Cómplices

Sábado, 21 de mayo de 2011

Llevo varios días, casi una semana, en volandas del viento de los acontecimientos que aún no quiero calificar, quizá porque no sepa calificarlos. Es fácil caer en la trampa de las grandes palabras, porque todo lo que está sucediendo en nuestras plazas remite a pensamientos que empujan hacia las cumbres. Hacía tantos años que no ocurría algo semejante, si es que alguna vez había pasado.
Y tampoco quiero convocar a los vocablos contundentes por una cuestión casi supersticiosa, no vaya a ser que al traerlas a mis líneas todo este afán comience a resquebrajarse.
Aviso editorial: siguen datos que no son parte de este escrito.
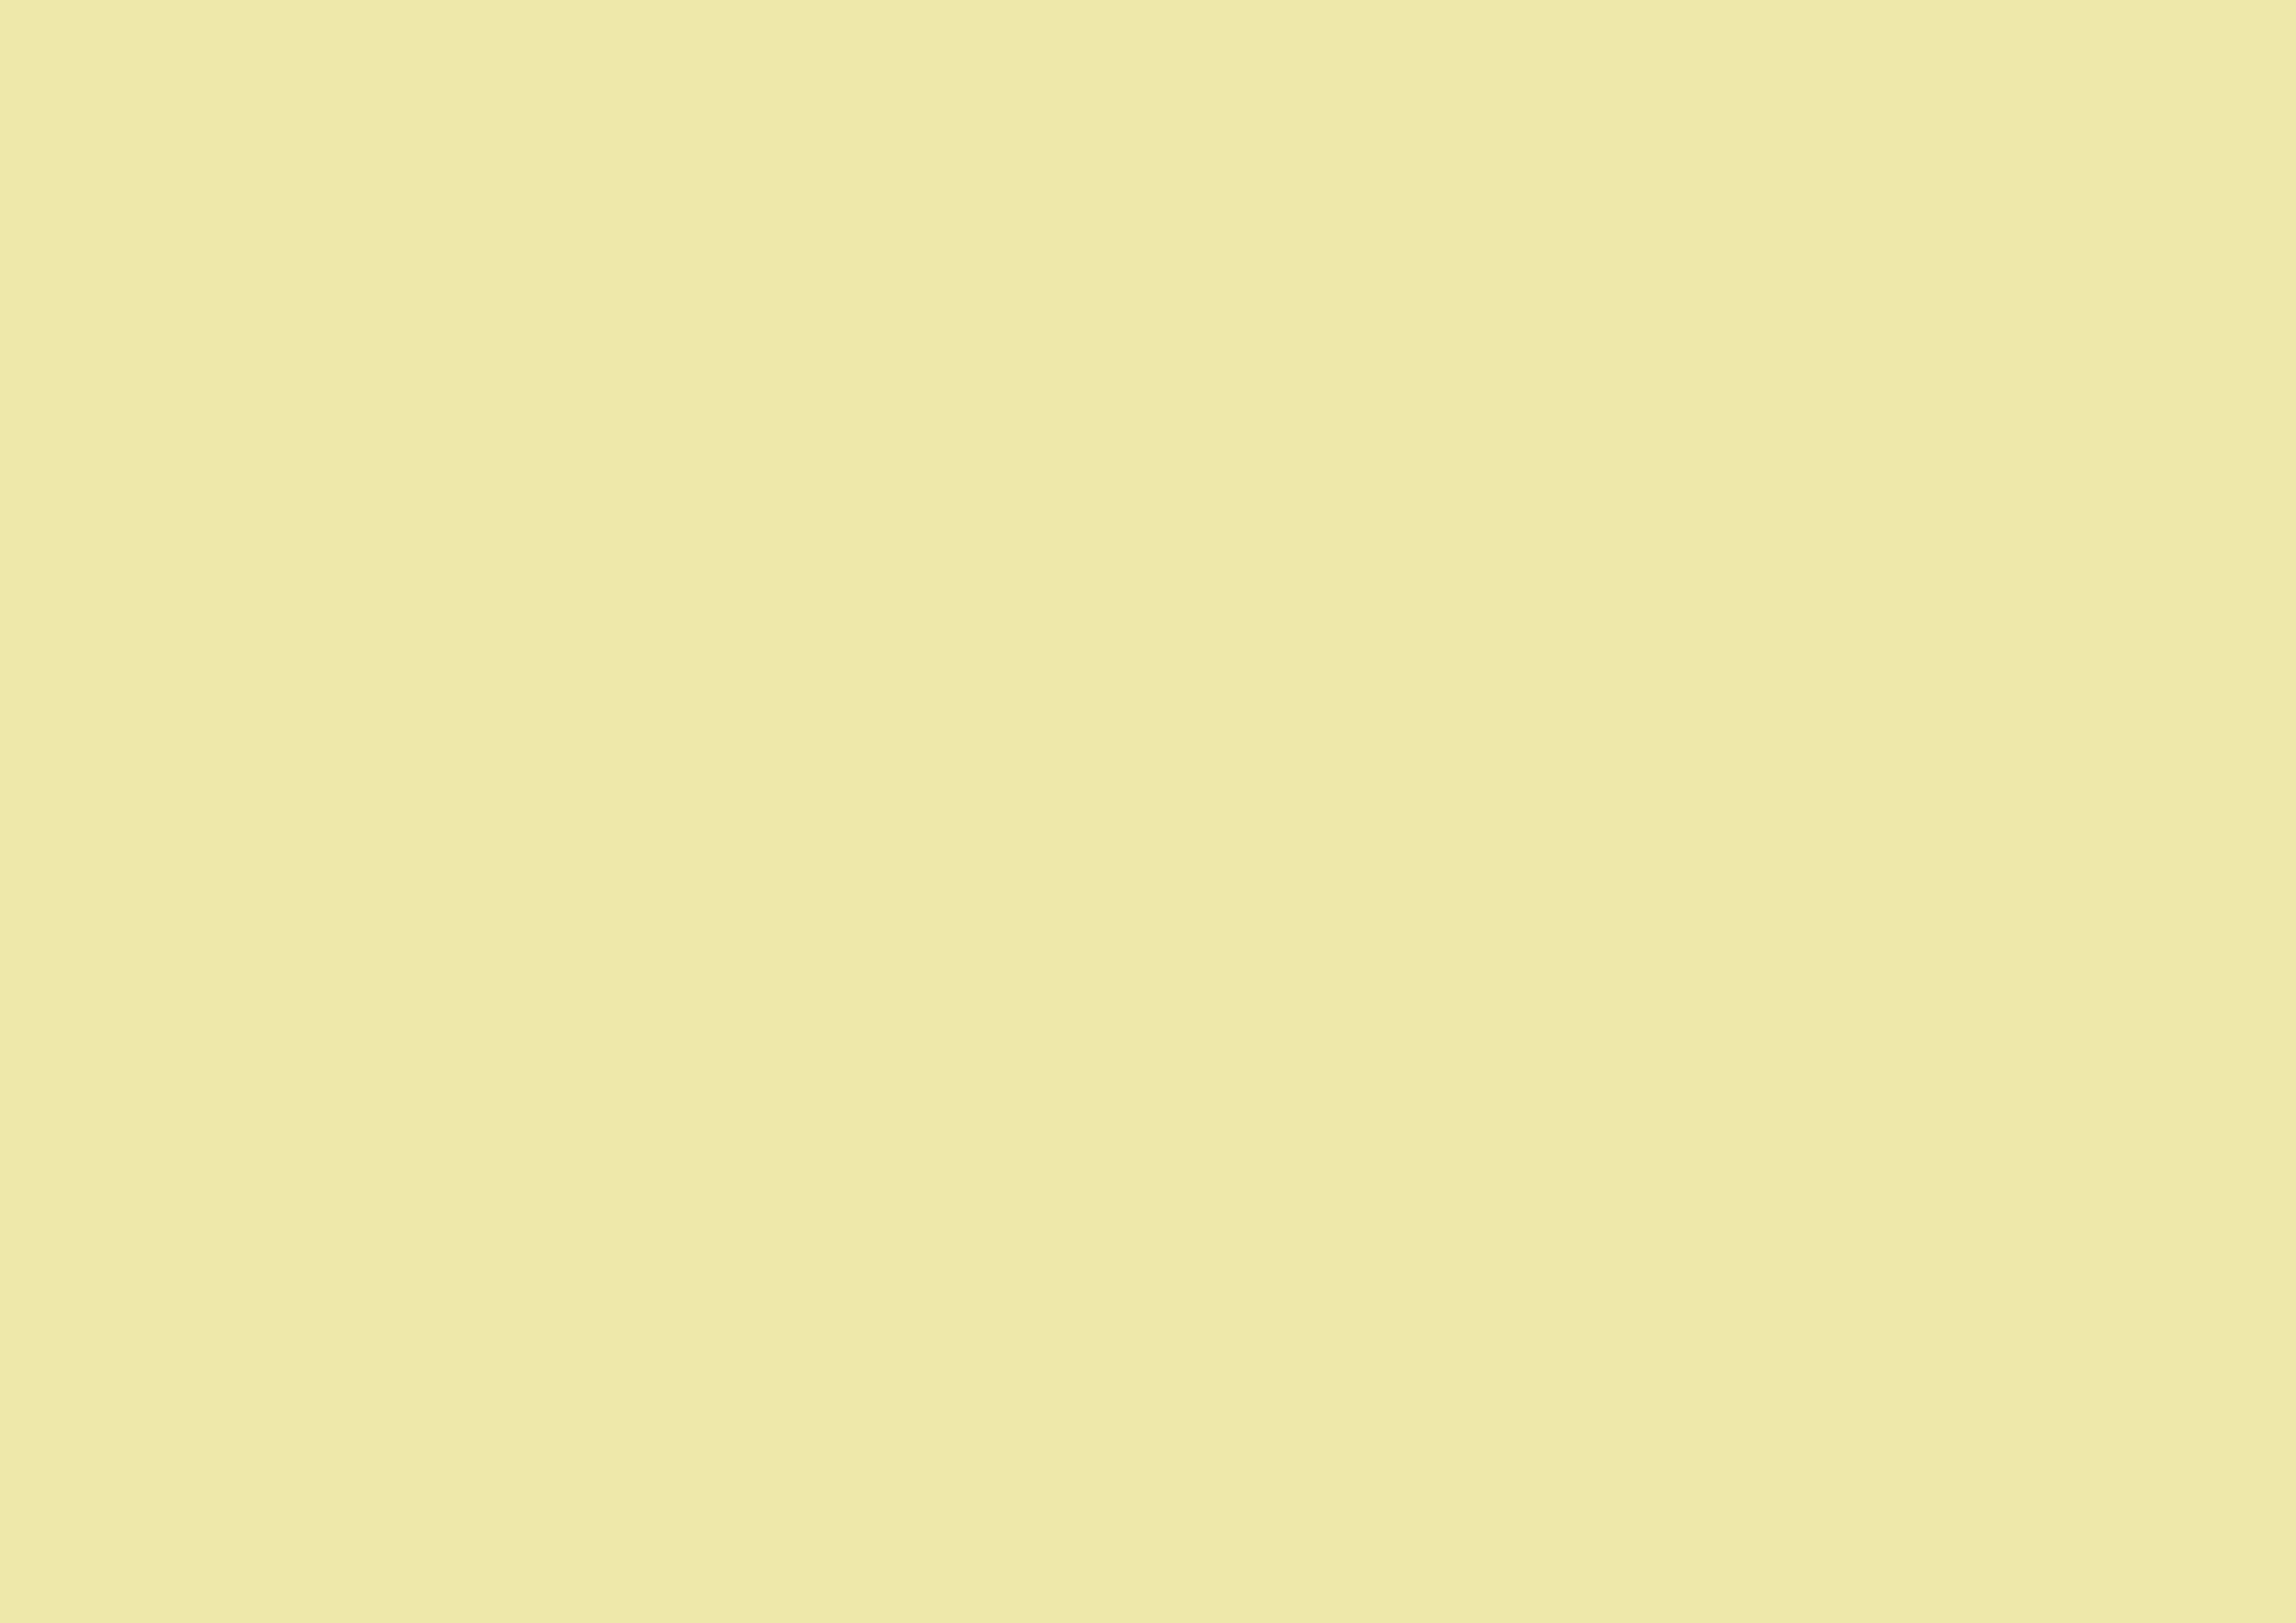 3508x2480 Pale Goldenrod Solid Color Background

Es aún una criatura poco curtida en los avatares de una existencia complicada y repleta de acechanzas: demasiadas fieras insaciables muestran sus colmillos afilados como segures, dispuestas a saltar y desgarrar su yugular cargada de sangre fresca y apetitosa.
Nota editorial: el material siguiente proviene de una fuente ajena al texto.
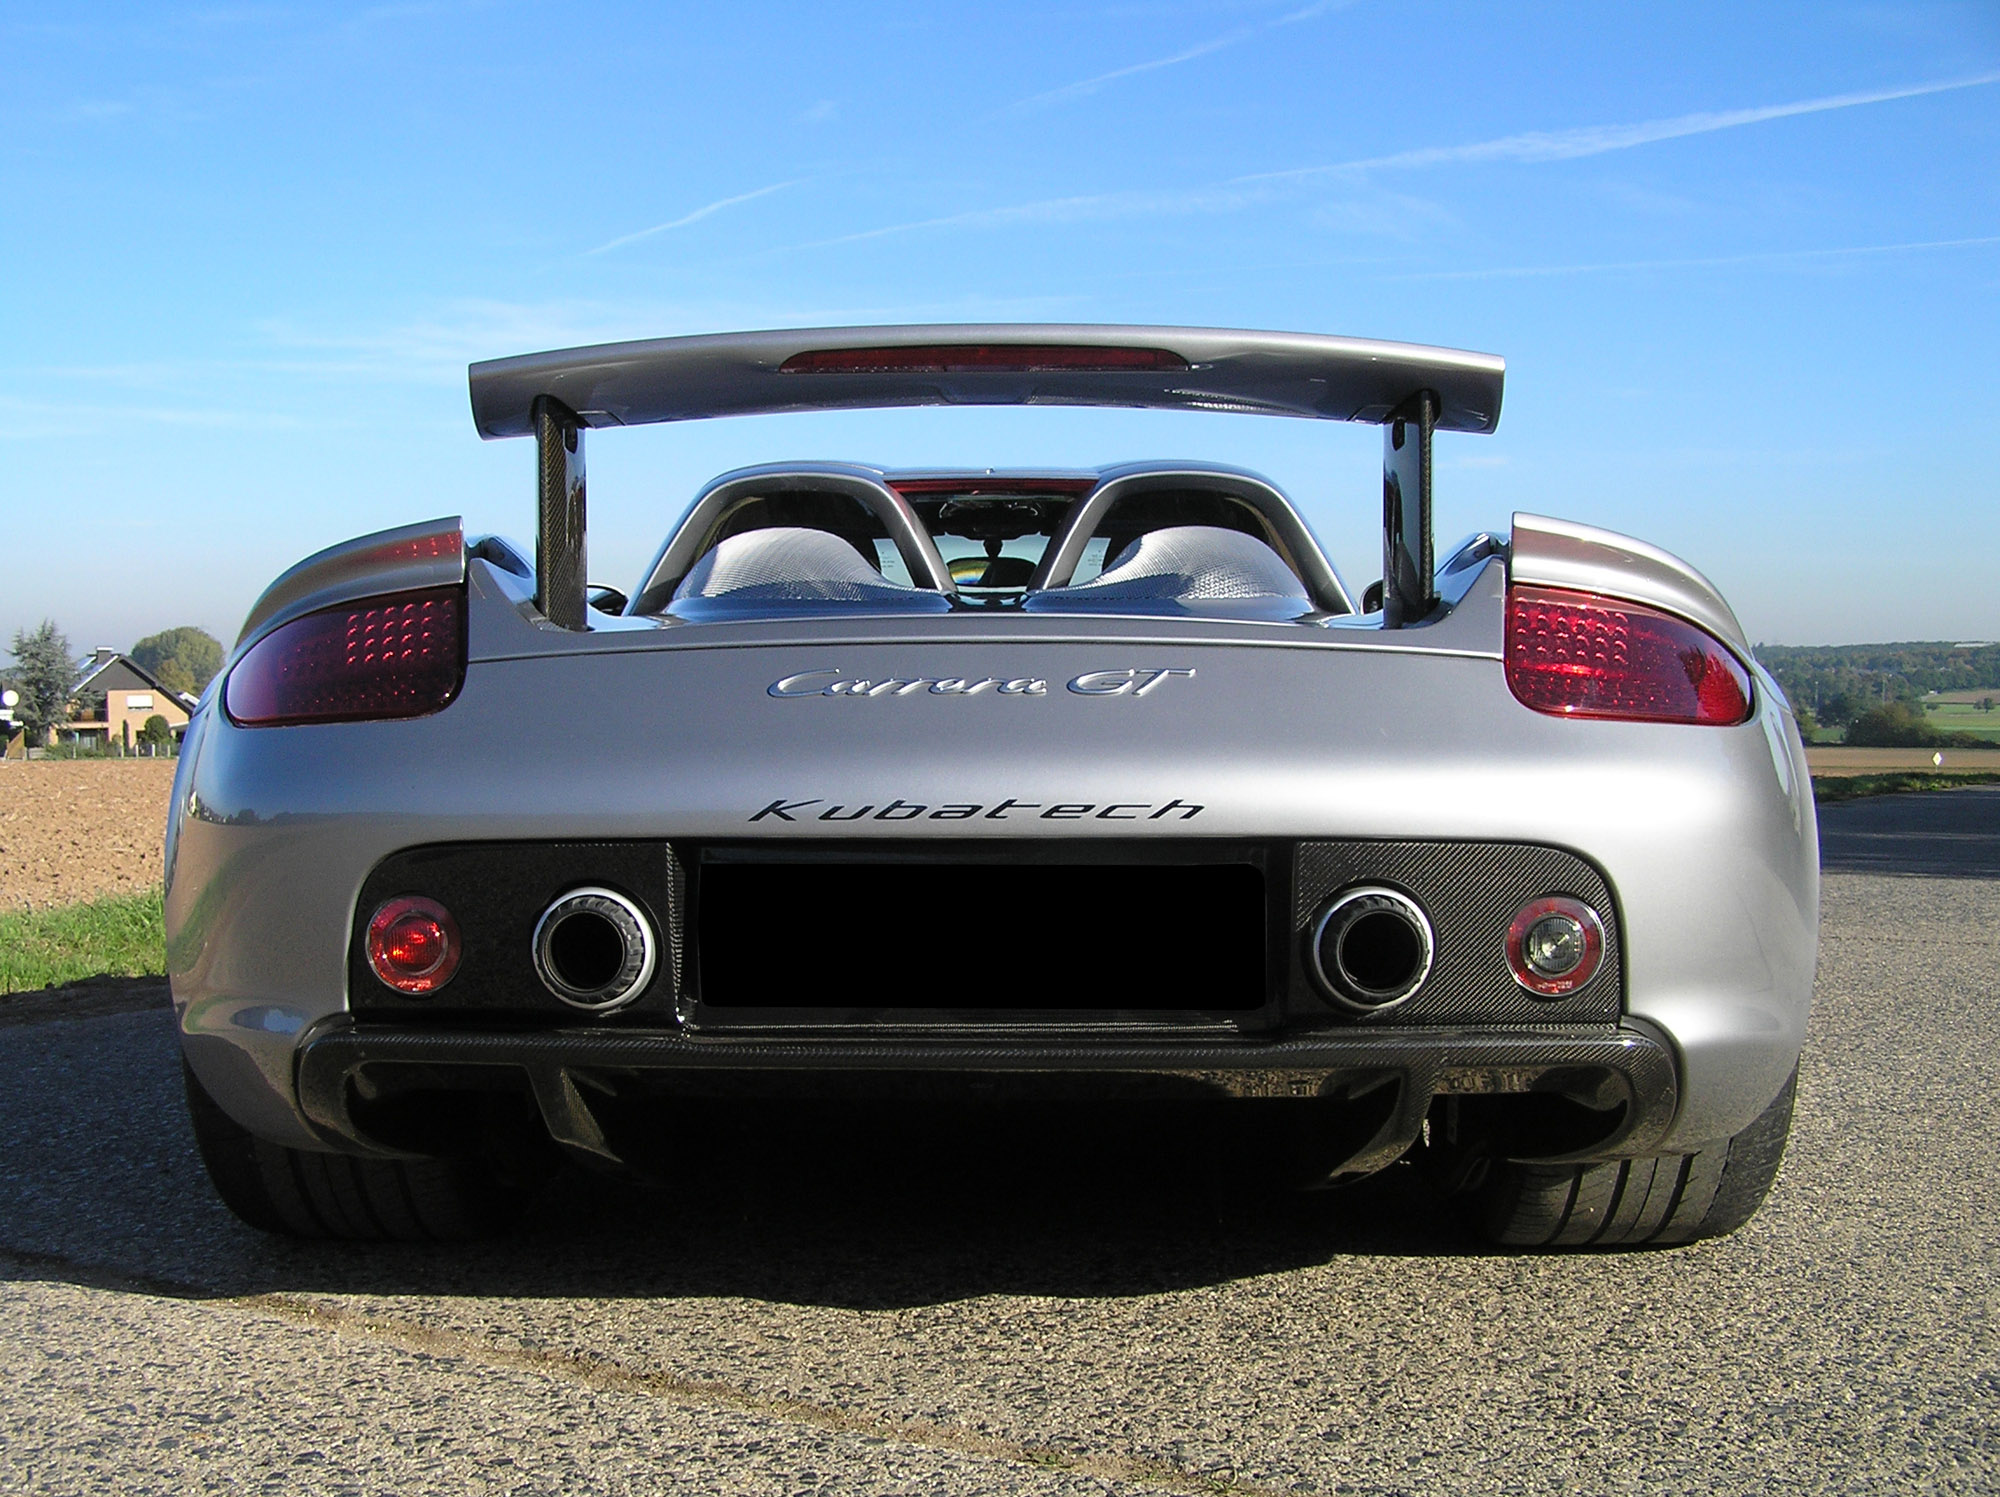 Kubatech releases Stage II power kit for Porsche Carrera GT

He empezado varias veces torpes líneas queriendo bosquejar mis impresiones necesariamente incompletas, pero no he podido: he estado distraído con lo que otros decían y escribían, con los que otros –más diestros que uno mismo- exponían. Y cuando mis palabras ocupaban su posición dentro de una frase, en realidad ya se habían marchitado, porque mi atención estaba más pendiente de no perder los latidos que se escuchaban allá, en el kilómetro cero del futuro, en esa Puerta del Sol desde donde han de arrancar las nuevas propuestas que devuelvan a la democracia su verdadero significado.
Al contemplar la muchedumbre apiñada en la Puerta del Sol, me venían a la cabeza preguntas sin respuesta, ilusiones sin fronteras, sueños sin cadenas. Pero al mismo tiempo, y acaso por lo mismo, sentía la confusión y el vértigo que producen las situaciones de encrucijada (seguiré sin subir al pedestal de la grandilocuencia, aunque me lo pidan los dedos que se lanzan en modo automático hacia ciertos vocablos solemnes como un monumento).
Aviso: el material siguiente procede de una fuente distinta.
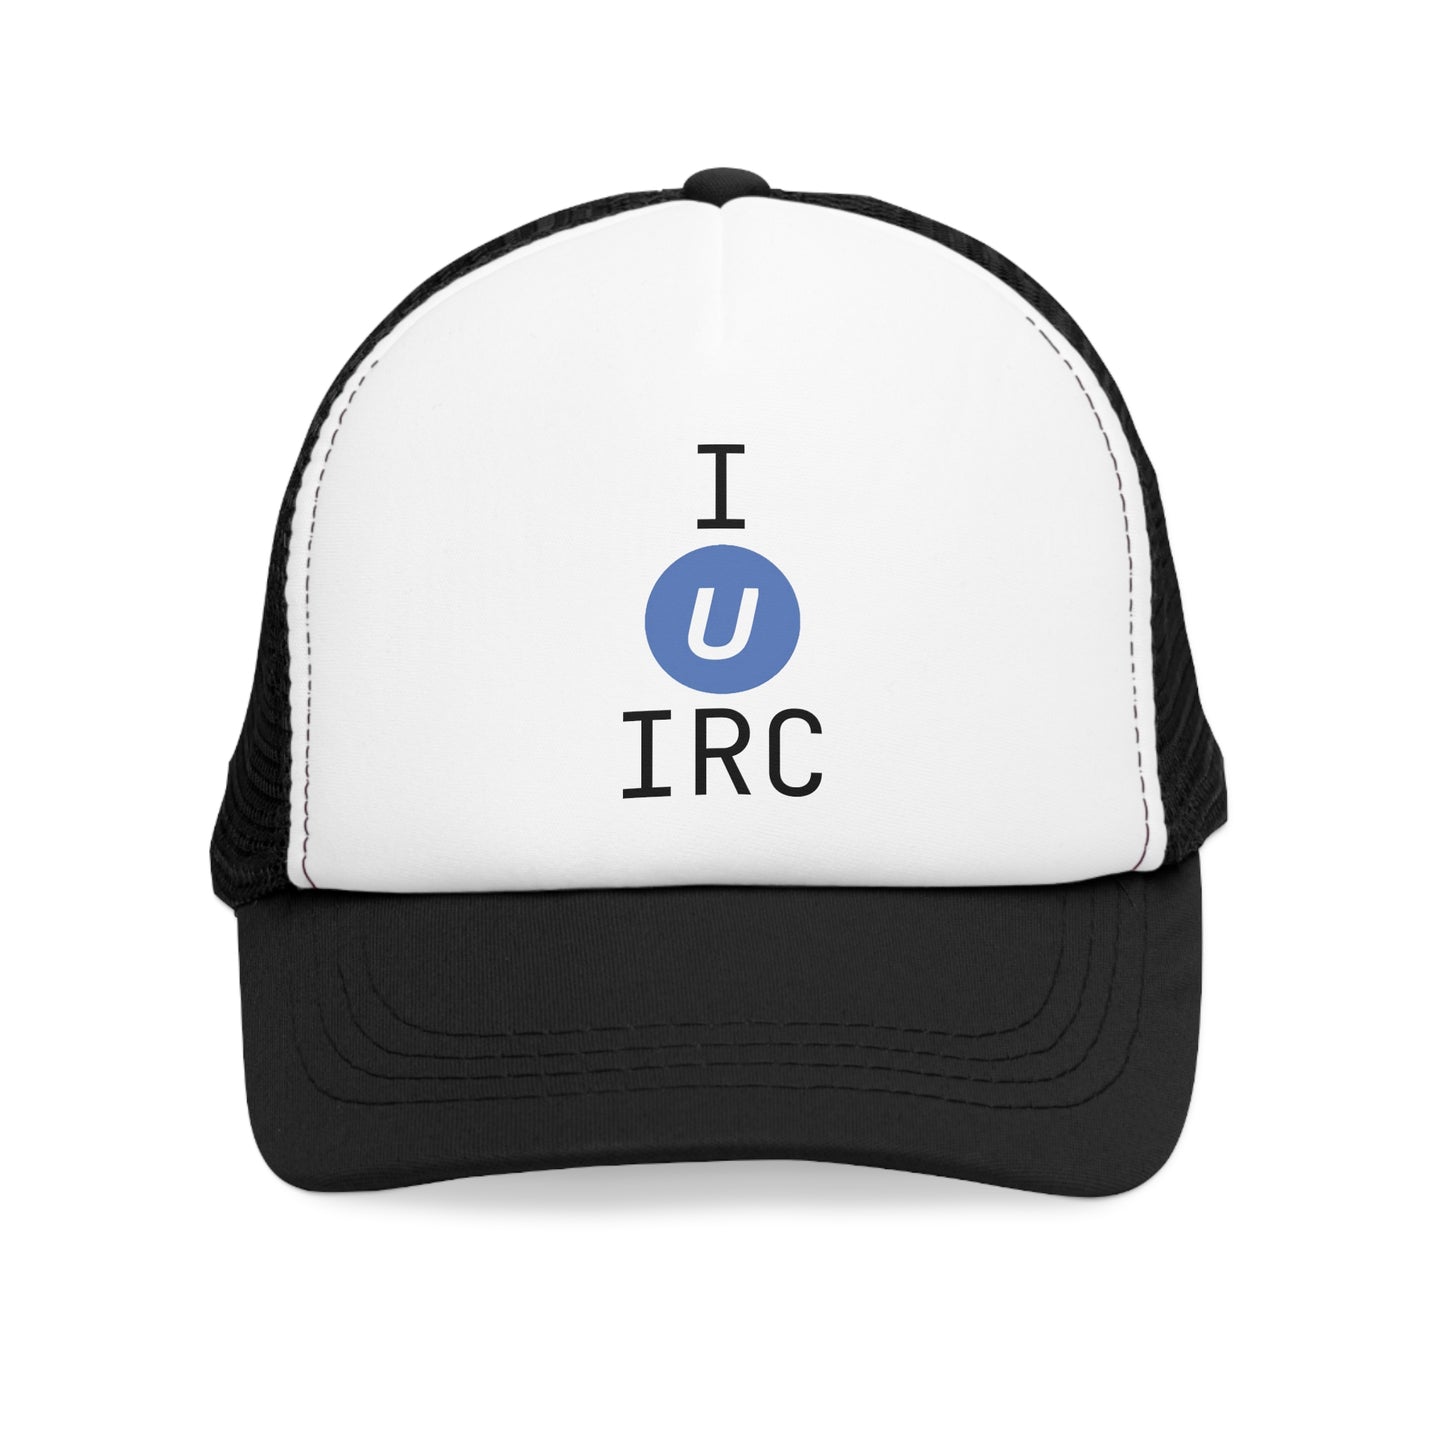 Clothing - I (U) IRC - UnrealIRCd Mesh Cap

Existen demasiadas ilusiones latiendo al unísono en todas las plazas de tantas ciudades, porque esa indignación de la que se parte ha encontrado una vía de escape más allá de la mediocre resignación a la que parecíamos destinados. Alguien se ha dado cuenta de que antes de sucumbir, todavía nos queda la opción de recuperar lo que nunca debimos regalar, porque es nuestro, porque a los políticos no sólo les elegimos, sino que les elegimos para que sean nuestra imagen, nuestras manos, nuestros representantes; porque a los banqueros ni siquiera les elegimos, les pagamos para que custodien nuestras exiguas rentas y si pueden las hagan crecer algo, no para que se enriquezcan y ocupen la mesa presidencial. Cuando yo nombro un representante ante los tribunales o para una junta de vecinos, sólo estoy diciendo que esta persona va a obrar como yo lo haría.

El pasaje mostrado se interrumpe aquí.